Would you repeat the listing exactly but omit every picture?

:: Dataset excerpt ::
--- START ---
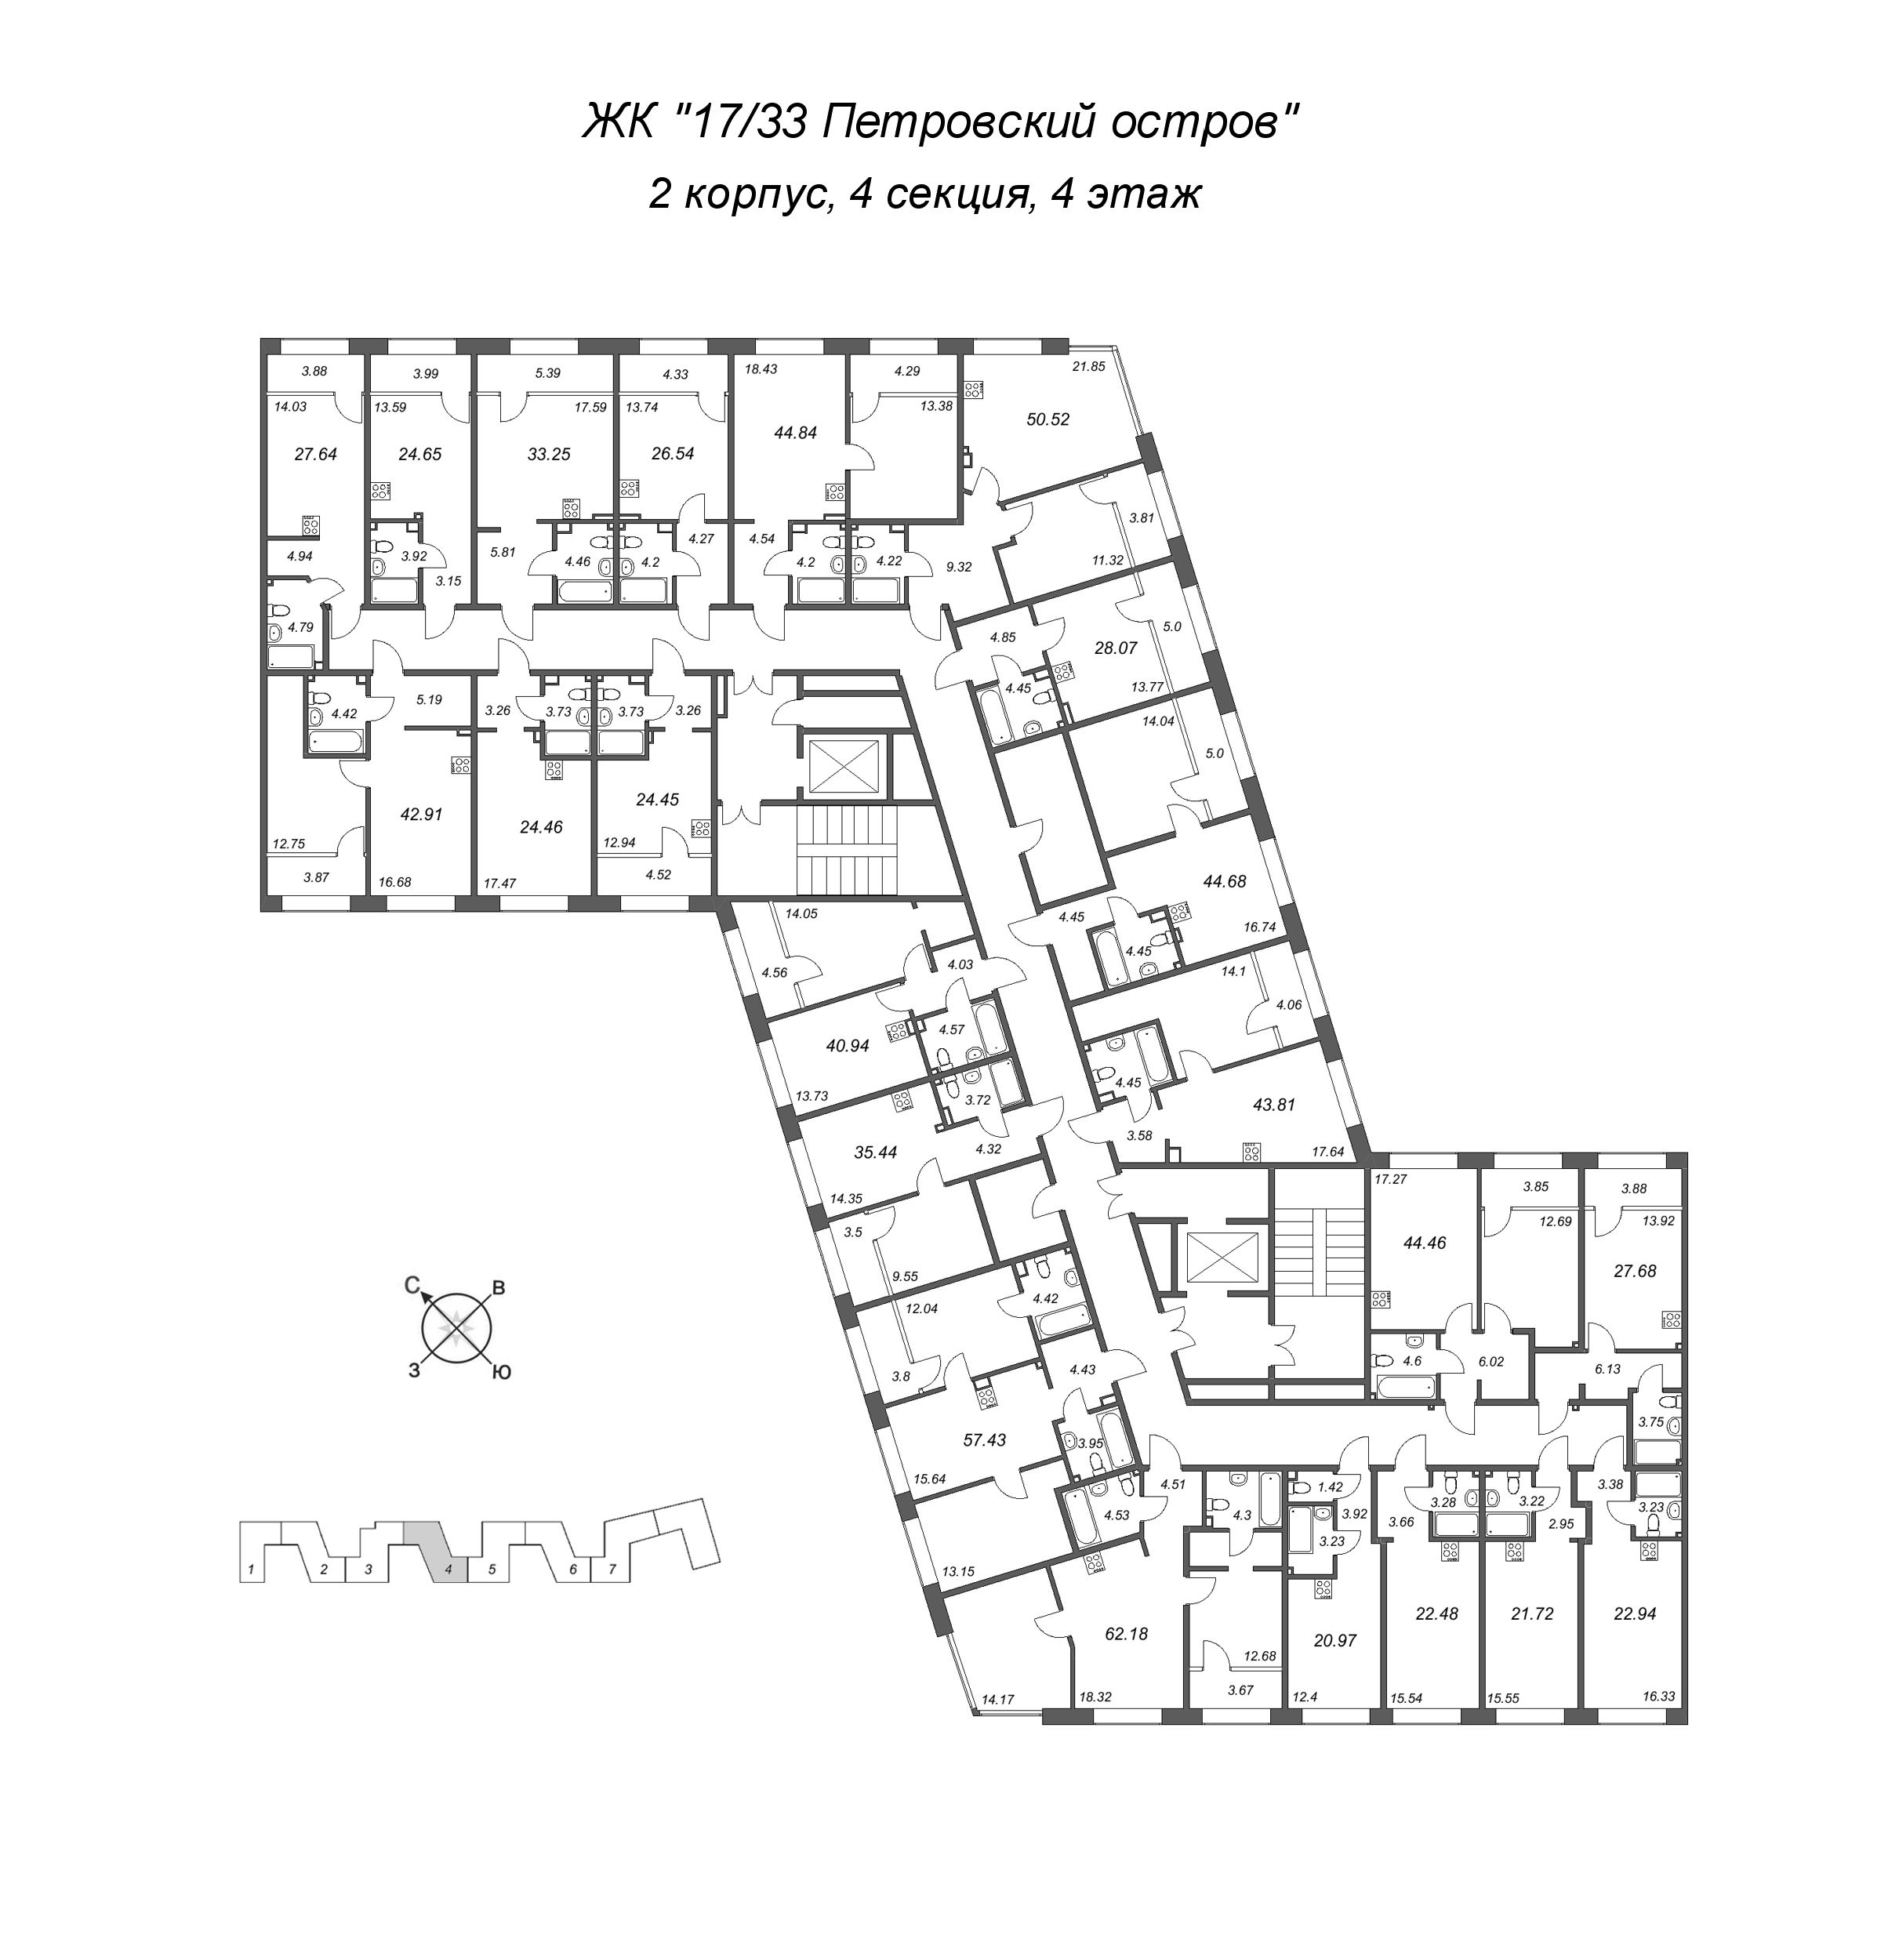 Квартира-студия, 24.65 м² в ЖК "17/33 Петровский остров" - планировка этажа
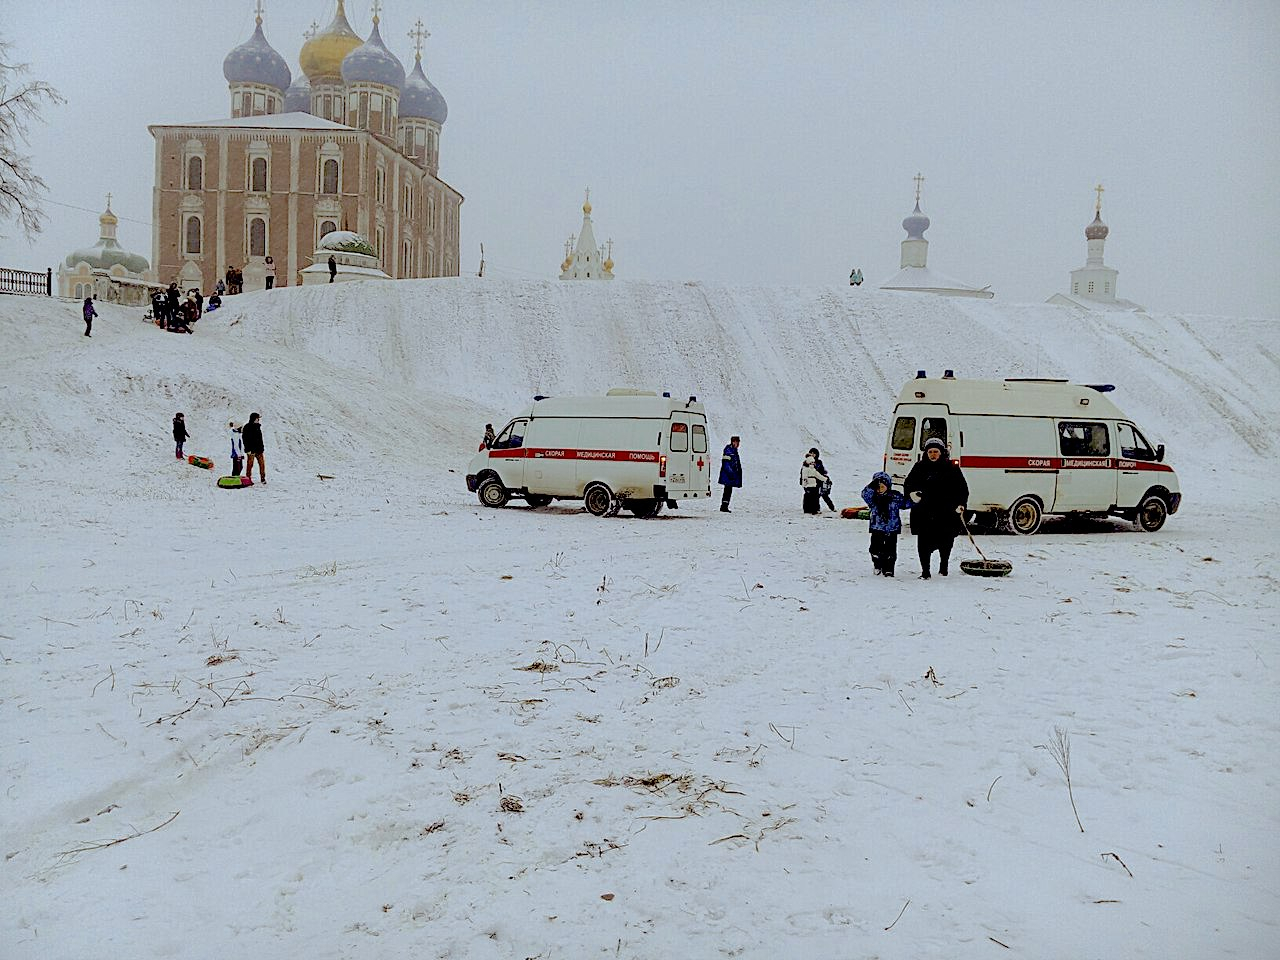 Опасный кремлевский вал: во время катания пострадали женщина и ребенок
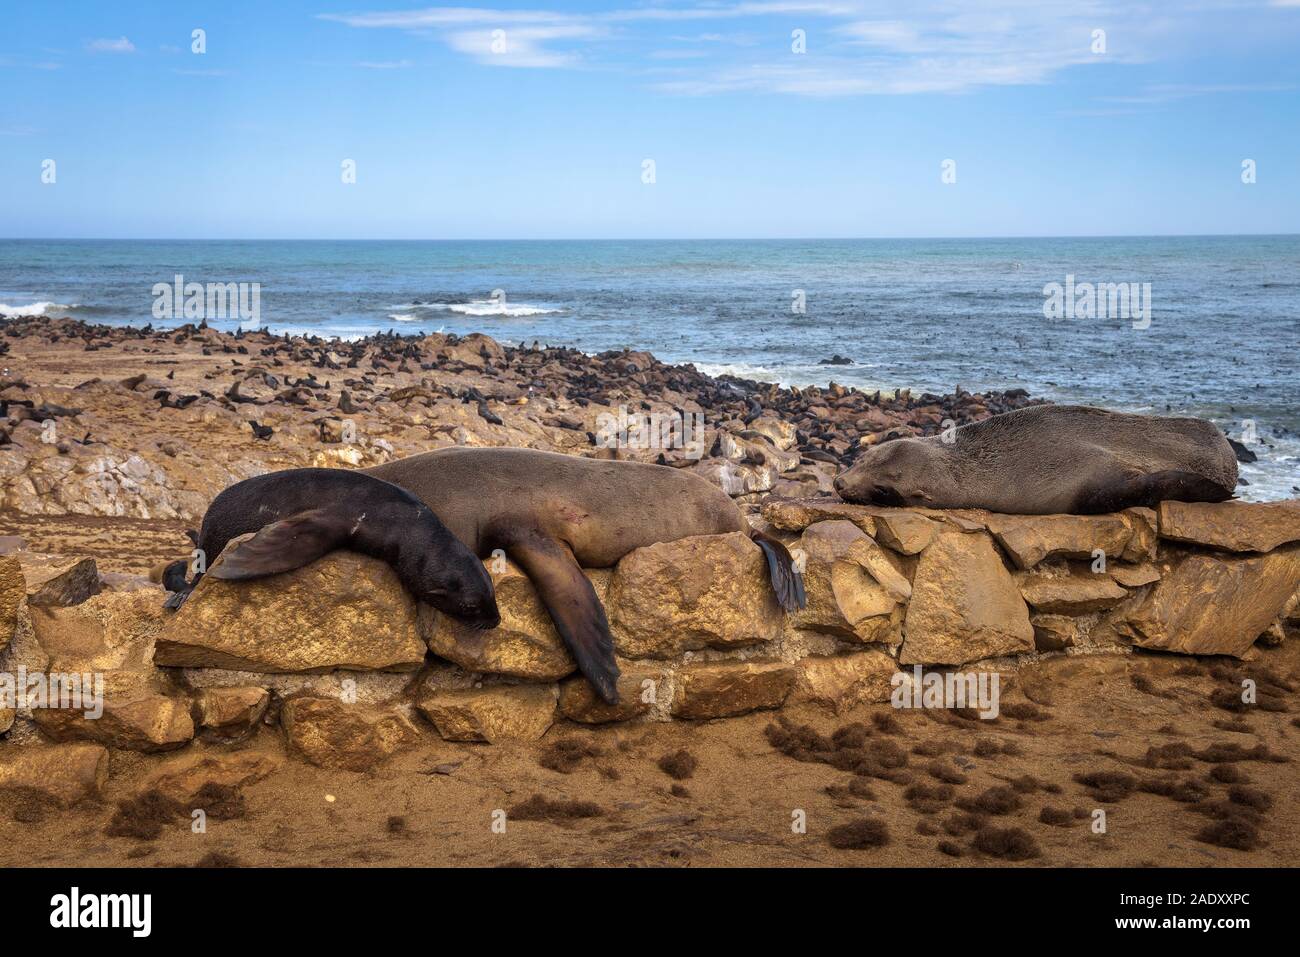 Colonie de la fourrure de phoque à Cape Cross Seal Reserve, la Namibie. Cape Cross est une petite pointe dans l'Atlantique Sud, en Côte des Squelettes de l'ouest de la Namibie. Banque D'Images
--- END ---
:: Written response ::
 Квартира-студия, 24.65 м² в ЖК "17/33 Петровский остров" - планировка этажа
 Опасный кремлевский вал: во время катания пострадали женщина и ребенок
 Colonie de la fourrure de phoque à Cape Cross Seal Reserve, la Namibie. Cape Cross est une petite pointe dans l'Atlantique Sud, en Côte des Squelettes de l'ouest de la Namibie. Banque D'Images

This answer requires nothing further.